- Task to carry out -
Search the data for the string "Jacket" and copy each line where it turns up.

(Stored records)
┌────────
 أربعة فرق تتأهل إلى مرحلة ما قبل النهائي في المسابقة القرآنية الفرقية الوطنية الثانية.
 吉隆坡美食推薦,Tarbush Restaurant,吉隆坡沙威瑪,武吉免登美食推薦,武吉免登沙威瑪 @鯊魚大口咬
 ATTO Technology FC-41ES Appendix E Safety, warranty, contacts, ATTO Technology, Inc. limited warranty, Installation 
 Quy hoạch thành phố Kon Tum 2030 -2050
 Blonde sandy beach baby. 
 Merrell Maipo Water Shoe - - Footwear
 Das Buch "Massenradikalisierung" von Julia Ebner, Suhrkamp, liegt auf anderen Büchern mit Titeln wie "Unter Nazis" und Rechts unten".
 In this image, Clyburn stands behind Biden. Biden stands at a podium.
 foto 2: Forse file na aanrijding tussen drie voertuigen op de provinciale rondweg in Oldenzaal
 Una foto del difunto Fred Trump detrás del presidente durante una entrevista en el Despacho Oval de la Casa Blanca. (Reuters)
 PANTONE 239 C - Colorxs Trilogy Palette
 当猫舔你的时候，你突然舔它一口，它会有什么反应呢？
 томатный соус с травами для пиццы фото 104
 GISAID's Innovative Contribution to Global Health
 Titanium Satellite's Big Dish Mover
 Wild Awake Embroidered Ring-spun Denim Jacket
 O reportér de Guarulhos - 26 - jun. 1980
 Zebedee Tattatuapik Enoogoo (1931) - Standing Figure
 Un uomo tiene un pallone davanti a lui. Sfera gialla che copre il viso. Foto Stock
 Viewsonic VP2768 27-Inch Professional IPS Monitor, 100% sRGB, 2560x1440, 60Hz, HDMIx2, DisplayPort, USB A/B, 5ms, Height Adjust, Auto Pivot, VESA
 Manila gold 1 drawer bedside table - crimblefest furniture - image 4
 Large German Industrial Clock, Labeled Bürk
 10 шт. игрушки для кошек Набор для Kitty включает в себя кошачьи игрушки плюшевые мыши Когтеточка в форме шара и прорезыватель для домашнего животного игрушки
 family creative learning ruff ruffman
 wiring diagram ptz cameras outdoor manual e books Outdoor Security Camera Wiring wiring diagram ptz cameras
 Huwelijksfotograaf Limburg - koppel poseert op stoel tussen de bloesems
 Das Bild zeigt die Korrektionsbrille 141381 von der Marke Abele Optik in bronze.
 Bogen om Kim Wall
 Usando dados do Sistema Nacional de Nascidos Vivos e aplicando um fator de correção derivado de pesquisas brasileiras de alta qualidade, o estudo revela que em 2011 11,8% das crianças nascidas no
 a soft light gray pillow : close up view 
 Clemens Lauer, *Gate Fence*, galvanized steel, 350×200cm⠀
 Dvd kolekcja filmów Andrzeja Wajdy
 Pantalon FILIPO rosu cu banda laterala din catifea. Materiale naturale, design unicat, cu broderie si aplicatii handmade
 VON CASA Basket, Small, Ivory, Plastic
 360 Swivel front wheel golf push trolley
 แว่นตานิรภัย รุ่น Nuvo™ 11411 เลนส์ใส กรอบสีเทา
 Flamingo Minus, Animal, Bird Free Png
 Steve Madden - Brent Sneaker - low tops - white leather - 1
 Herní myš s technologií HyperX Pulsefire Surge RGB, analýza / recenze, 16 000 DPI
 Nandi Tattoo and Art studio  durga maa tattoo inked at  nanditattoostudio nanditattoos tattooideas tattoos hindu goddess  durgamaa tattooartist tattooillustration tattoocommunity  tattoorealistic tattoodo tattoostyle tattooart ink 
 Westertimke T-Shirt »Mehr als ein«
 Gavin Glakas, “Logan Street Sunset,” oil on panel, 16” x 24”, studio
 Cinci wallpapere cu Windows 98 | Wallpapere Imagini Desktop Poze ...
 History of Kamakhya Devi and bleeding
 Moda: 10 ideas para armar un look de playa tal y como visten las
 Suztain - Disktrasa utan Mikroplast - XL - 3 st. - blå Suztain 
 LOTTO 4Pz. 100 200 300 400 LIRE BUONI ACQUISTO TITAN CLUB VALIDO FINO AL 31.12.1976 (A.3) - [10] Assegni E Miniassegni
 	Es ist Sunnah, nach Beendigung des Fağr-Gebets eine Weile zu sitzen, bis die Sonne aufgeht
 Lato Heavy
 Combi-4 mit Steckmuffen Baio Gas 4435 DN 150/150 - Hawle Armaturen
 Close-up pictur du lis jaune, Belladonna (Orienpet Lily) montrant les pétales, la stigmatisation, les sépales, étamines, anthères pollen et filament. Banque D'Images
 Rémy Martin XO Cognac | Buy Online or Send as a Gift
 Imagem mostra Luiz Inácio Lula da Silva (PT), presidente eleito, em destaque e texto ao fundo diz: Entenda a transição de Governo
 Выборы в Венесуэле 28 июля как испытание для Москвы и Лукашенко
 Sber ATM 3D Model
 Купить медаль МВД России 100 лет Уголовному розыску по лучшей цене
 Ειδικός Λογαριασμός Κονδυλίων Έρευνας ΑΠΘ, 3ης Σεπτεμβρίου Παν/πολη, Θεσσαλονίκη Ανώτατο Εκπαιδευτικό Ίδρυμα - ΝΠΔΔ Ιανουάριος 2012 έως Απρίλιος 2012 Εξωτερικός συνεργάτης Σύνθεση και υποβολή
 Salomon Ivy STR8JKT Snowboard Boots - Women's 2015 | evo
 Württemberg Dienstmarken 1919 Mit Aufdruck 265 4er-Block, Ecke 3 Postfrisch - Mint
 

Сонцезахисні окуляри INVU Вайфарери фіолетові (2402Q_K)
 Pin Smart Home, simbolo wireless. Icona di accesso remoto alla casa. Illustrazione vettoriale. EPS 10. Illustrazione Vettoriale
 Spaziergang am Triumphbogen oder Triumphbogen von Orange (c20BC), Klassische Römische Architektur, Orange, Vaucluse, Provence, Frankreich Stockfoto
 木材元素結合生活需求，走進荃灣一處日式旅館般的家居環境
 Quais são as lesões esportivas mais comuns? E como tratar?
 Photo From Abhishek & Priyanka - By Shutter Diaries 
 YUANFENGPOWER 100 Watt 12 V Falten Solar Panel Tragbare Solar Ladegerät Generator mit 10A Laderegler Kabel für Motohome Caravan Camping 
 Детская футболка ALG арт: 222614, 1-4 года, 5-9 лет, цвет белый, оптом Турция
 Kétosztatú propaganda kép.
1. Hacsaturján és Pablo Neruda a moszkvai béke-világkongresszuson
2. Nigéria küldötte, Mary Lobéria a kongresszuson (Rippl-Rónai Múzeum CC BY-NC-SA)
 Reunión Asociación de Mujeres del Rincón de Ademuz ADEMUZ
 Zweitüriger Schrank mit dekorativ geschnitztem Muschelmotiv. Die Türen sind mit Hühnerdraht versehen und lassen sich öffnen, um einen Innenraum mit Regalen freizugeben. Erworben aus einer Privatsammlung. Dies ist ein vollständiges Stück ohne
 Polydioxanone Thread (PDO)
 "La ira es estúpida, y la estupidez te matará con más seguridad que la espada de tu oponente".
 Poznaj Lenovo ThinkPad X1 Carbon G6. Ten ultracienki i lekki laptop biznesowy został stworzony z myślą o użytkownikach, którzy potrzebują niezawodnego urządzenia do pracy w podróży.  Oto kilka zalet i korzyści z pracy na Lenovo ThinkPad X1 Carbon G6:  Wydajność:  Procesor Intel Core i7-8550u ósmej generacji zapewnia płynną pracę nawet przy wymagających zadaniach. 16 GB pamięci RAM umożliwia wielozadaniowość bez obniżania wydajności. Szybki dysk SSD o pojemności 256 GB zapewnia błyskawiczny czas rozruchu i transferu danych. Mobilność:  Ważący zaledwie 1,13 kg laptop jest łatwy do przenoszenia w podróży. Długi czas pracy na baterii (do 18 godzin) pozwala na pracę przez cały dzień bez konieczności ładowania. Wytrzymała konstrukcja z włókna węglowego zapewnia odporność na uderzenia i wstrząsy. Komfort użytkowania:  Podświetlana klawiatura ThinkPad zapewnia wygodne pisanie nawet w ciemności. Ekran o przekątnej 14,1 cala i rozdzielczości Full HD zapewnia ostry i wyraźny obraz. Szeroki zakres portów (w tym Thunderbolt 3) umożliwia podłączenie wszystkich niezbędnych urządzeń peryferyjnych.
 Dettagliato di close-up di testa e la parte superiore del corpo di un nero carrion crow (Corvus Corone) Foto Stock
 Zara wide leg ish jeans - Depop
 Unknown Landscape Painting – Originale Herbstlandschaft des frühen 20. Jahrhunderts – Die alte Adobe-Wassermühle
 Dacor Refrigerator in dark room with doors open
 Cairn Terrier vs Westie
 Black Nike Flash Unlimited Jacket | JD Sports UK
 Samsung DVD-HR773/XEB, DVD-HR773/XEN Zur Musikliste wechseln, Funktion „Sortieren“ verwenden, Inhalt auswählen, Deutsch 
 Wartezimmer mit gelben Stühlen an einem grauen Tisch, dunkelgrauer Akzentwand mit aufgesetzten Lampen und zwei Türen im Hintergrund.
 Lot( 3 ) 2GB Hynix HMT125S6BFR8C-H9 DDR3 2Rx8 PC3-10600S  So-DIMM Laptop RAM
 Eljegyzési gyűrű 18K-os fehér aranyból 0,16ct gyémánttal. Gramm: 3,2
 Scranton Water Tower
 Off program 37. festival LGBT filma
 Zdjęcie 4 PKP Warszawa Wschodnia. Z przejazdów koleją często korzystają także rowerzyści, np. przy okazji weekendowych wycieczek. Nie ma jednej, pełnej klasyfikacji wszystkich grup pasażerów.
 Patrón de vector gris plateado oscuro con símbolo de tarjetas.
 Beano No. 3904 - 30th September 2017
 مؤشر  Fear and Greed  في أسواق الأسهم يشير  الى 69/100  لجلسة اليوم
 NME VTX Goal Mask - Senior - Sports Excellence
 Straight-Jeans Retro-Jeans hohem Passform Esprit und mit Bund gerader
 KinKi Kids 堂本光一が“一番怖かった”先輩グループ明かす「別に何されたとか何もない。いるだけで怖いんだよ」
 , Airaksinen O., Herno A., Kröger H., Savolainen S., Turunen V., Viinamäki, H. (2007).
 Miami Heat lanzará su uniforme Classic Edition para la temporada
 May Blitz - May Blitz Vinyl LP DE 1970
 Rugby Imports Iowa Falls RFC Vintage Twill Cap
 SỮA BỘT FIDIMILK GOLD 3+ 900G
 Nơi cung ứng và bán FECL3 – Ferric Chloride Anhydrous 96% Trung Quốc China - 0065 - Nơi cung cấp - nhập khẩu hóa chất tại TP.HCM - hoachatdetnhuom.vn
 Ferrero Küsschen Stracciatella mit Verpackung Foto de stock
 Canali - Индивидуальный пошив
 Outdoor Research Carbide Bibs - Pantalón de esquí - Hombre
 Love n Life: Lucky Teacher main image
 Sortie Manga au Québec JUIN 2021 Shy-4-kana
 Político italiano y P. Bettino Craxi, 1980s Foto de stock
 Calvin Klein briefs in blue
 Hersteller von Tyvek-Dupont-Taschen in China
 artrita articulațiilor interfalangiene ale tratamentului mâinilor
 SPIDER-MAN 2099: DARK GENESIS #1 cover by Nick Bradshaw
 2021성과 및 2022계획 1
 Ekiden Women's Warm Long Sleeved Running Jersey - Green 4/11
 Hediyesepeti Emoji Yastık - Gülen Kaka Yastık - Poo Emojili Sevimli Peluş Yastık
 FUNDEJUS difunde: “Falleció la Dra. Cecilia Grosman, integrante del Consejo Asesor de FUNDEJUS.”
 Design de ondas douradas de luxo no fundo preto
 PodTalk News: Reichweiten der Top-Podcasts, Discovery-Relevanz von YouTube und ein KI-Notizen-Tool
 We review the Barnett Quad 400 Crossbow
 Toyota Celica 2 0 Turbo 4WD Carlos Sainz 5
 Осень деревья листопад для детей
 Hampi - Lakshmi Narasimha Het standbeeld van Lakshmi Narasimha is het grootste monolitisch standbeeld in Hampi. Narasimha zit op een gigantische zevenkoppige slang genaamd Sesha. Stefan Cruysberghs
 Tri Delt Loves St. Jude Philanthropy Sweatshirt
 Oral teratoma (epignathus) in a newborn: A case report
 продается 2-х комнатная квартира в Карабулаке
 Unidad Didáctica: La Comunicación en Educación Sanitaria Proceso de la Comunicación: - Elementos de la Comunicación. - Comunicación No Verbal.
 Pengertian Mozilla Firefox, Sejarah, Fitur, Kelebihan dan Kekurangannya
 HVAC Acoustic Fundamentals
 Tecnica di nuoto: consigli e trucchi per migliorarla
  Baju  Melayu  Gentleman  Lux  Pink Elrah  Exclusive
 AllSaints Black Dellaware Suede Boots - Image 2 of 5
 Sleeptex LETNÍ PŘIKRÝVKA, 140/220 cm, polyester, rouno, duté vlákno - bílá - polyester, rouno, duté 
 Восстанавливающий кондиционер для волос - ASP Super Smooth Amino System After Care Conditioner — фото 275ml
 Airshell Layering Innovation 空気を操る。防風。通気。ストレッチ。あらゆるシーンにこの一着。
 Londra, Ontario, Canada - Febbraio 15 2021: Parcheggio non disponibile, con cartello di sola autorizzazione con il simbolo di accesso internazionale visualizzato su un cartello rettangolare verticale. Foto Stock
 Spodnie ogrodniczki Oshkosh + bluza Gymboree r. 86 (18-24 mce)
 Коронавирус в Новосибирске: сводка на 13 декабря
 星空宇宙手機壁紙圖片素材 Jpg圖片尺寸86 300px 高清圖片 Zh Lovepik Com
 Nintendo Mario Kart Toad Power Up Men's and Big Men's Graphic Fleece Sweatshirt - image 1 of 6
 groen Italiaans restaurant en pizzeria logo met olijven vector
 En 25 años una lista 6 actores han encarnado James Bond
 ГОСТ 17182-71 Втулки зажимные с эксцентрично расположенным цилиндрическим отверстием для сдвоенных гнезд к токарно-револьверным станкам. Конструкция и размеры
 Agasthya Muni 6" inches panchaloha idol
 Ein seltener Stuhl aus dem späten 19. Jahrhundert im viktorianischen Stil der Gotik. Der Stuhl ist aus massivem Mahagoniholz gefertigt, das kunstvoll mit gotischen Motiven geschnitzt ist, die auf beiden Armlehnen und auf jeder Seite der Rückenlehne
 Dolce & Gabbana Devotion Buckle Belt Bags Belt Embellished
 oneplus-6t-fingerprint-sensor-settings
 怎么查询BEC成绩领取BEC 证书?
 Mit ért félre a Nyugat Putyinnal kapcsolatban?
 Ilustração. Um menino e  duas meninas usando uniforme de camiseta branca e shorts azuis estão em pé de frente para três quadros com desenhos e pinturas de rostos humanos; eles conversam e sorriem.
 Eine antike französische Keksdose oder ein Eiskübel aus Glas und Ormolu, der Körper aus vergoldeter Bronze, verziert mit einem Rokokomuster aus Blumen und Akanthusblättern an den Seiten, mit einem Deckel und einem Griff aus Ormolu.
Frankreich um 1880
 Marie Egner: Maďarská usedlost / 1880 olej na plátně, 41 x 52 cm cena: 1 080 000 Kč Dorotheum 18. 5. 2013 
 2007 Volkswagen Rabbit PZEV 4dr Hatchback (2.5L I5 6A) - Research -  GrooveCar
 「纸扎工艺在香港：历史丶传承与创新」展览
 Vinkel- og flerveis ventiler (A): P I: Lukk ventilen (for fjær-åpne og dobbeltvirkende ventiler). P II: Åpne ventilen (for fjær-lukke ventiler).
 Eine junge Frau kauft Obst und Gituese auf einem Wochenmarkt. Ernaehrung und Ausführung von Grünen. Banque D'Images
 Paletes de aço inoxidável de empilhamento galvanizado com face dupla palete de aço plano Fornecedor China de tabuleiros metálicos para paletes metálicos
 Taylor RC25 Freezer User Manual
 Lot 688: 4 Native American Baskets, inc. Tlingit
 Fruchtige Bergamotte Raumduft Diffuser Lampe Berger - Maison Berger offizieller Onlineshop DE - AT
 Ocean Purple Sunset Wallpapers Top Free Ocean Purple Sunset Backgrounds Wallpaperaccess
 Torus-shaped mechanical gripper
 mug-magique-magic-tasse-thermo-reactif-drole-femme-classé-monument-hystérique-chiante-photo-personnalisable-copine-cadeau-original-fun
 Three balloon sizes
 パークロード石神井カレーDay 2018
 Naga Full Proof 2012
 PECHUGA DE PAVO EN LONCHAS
└────────
- Exercise solution -
 Wild Awake Embroidered Ring-spun Denim Jacket
 Black Nike Flash Unlimited Jacket | JD Sports UK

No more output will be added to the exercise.